Or if you want to compile things, use C++ >= 17 or Rust.

Nomnom Cookie
Aug 30, 2009



the only languages worth using in 2020 are java, rust, and python

bob dobbs is dead
Oct 8, 2017

I love peeps
Nap Ghost

Nomnom Cookie posted:

the only languages worth using in 2020 are java, rust, and python

watch shaggar shaggar in and add some .net langs

PIZZA.BAT
Nov 12, 2016


:cheers:


what's a good ui framework to use with spring boot? i've got my server up and running for a project i've been wanting to build and have built the spotify integration but now i want to make it look pretty

Notorious b.s.d.
Jan 25, 2003

by Reene

abraham linksys posted:

realized that by trying to build a stateful websocket server in a non-single-threaded language runtime for the first time i have opened myself up to an entire loving class of concurrency problems :shepface:

go's channels are super hard to reason about on this front, particularly. they really recommend you avoid atomic values or mutexes, and you're supposed to use channels instead, as described here. but that just seems like a terribly difficult pattern to use at scale in practice.

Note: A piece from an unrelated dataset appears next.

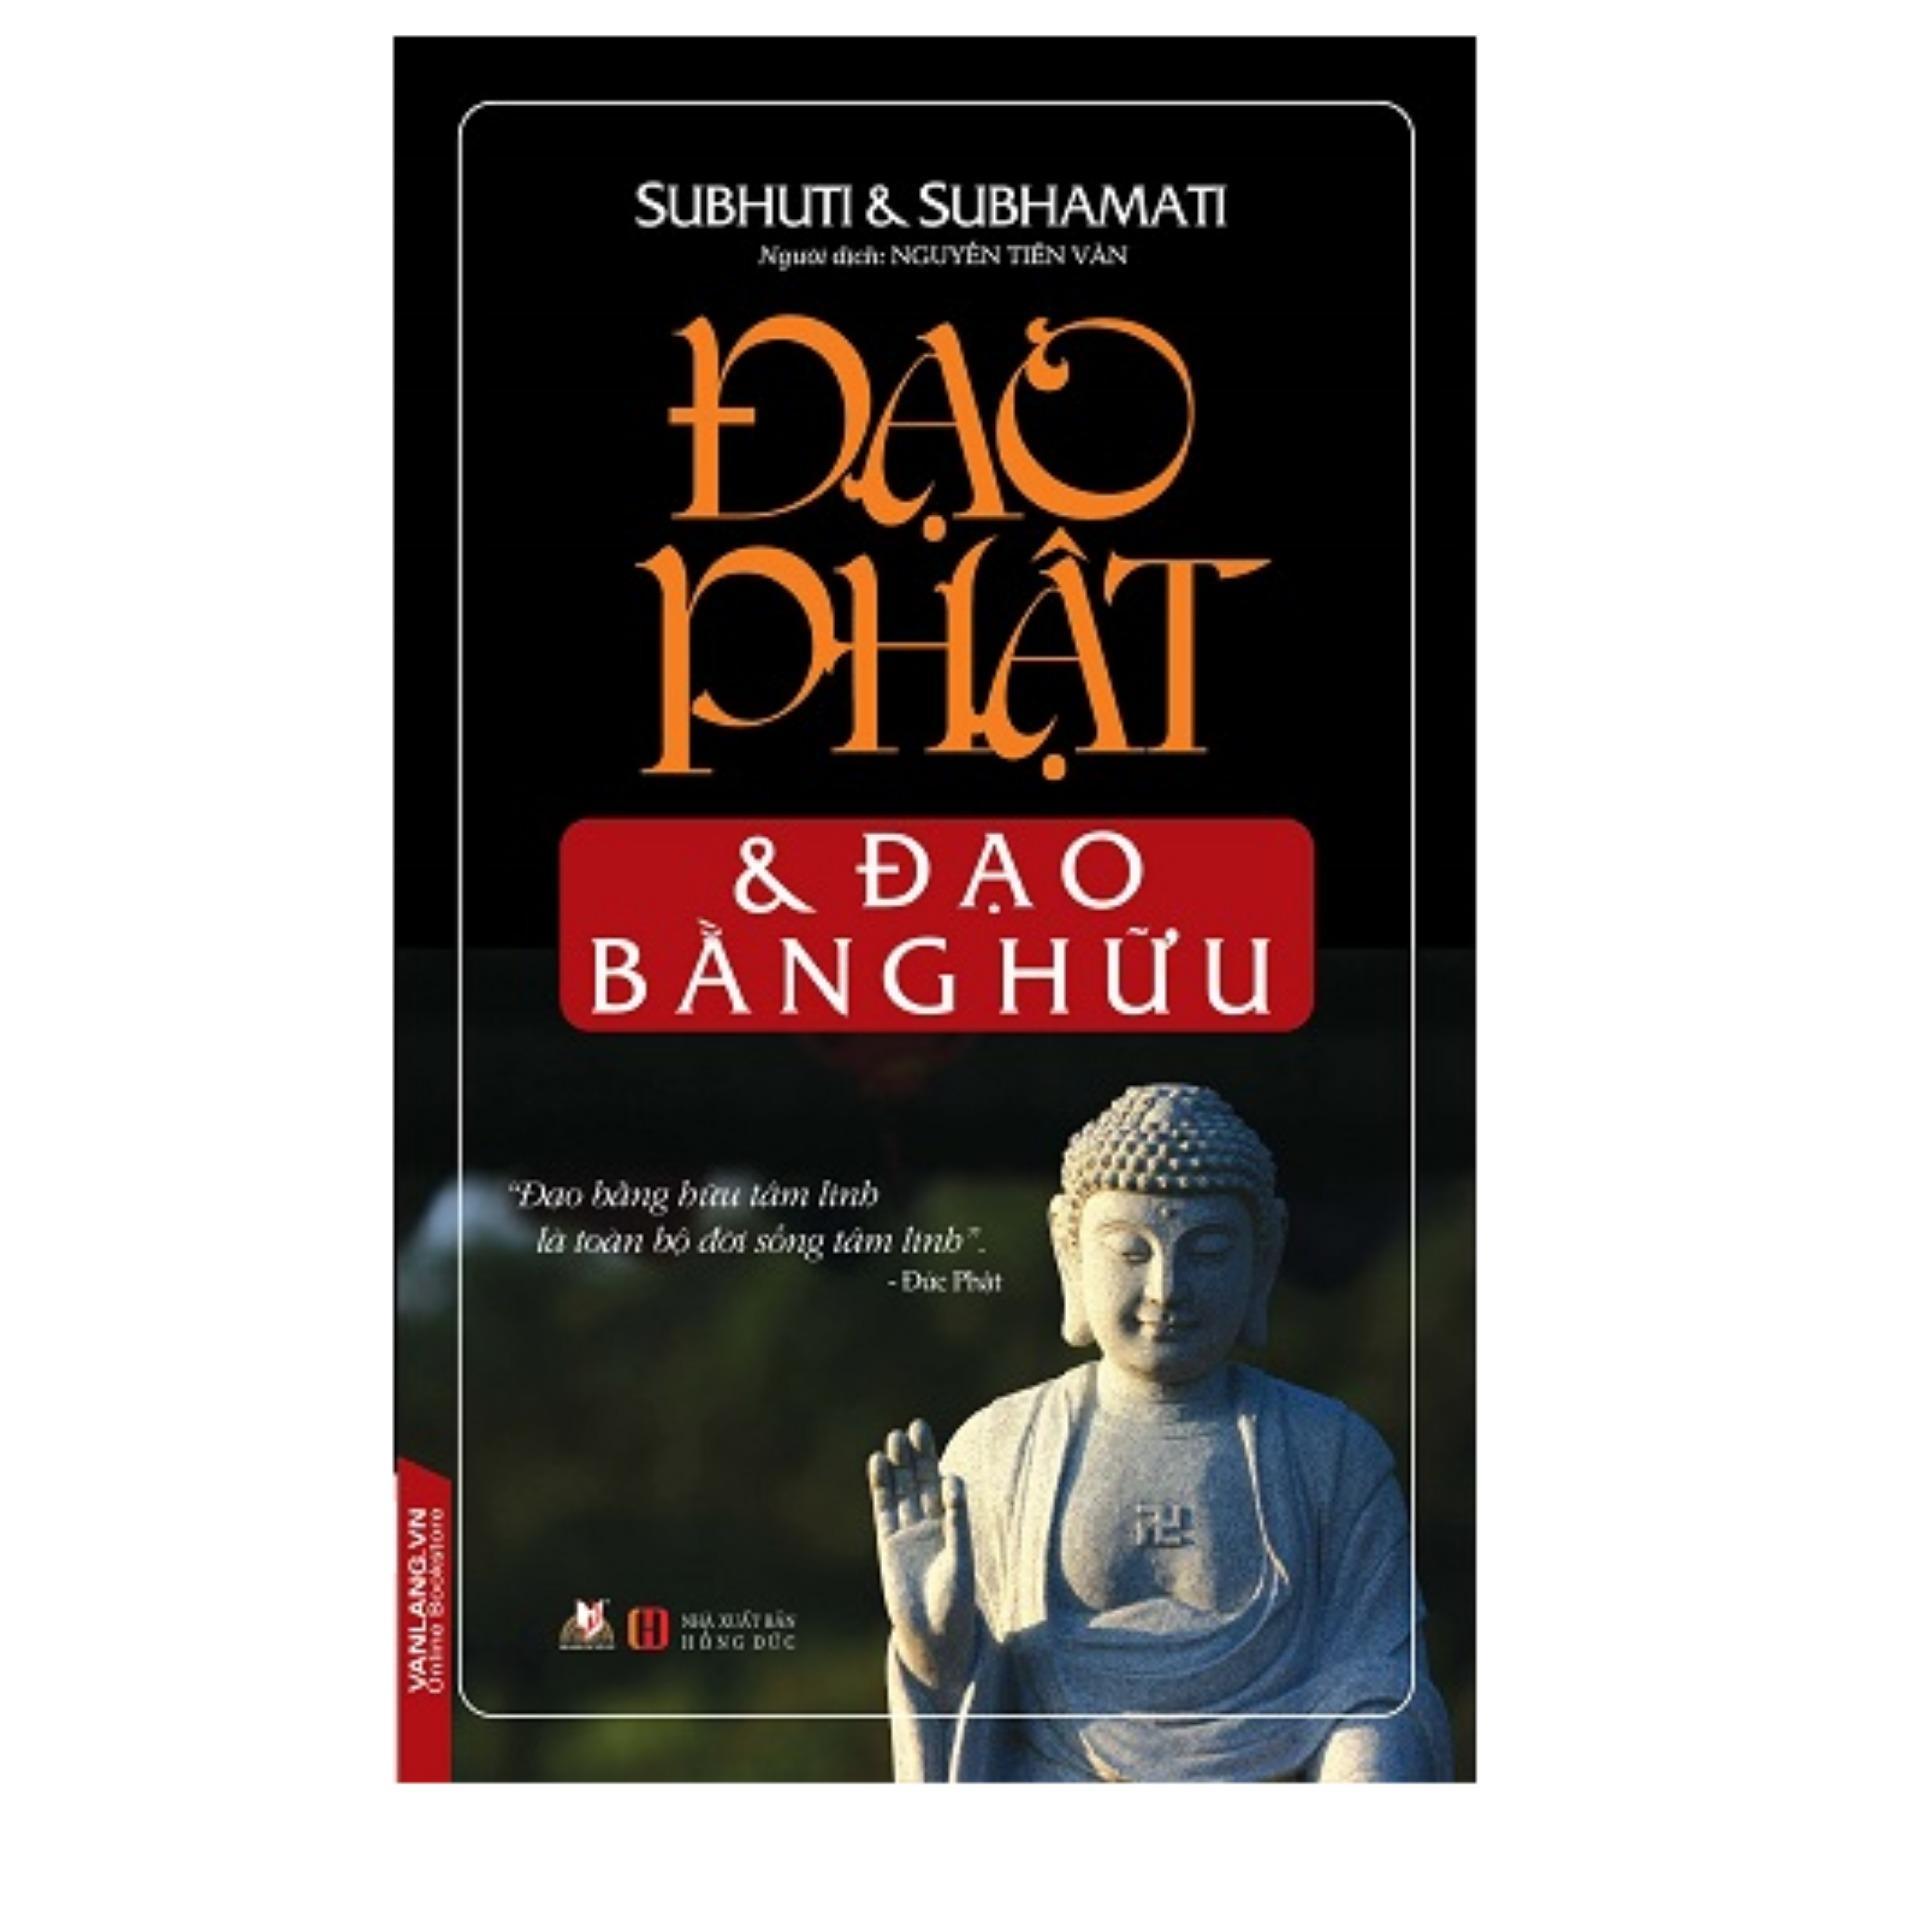 Mua Đạo Phật và đạo bằng hữu

i guess a big part is just careful reasoning about what's truly shared - like, my app has a thing where users update their own state with websocket messages, but no other users can update that state. if a user is tied to a websocket connection (and there's a 1:1 user:socket relationship), and i've properly implemented the weird queue pump system this websocket library recommends to limit processing messages to one at a time per connection, i can theoretically assume that only one thing is touching that state at a time. which, like, is a lot to fuckin have to think about, versus the world i'm used to of "this poo poo's single threaded so as long as you never yield to the run loop through callbacks/yield/await you'll be fine to increment that counter or whatever"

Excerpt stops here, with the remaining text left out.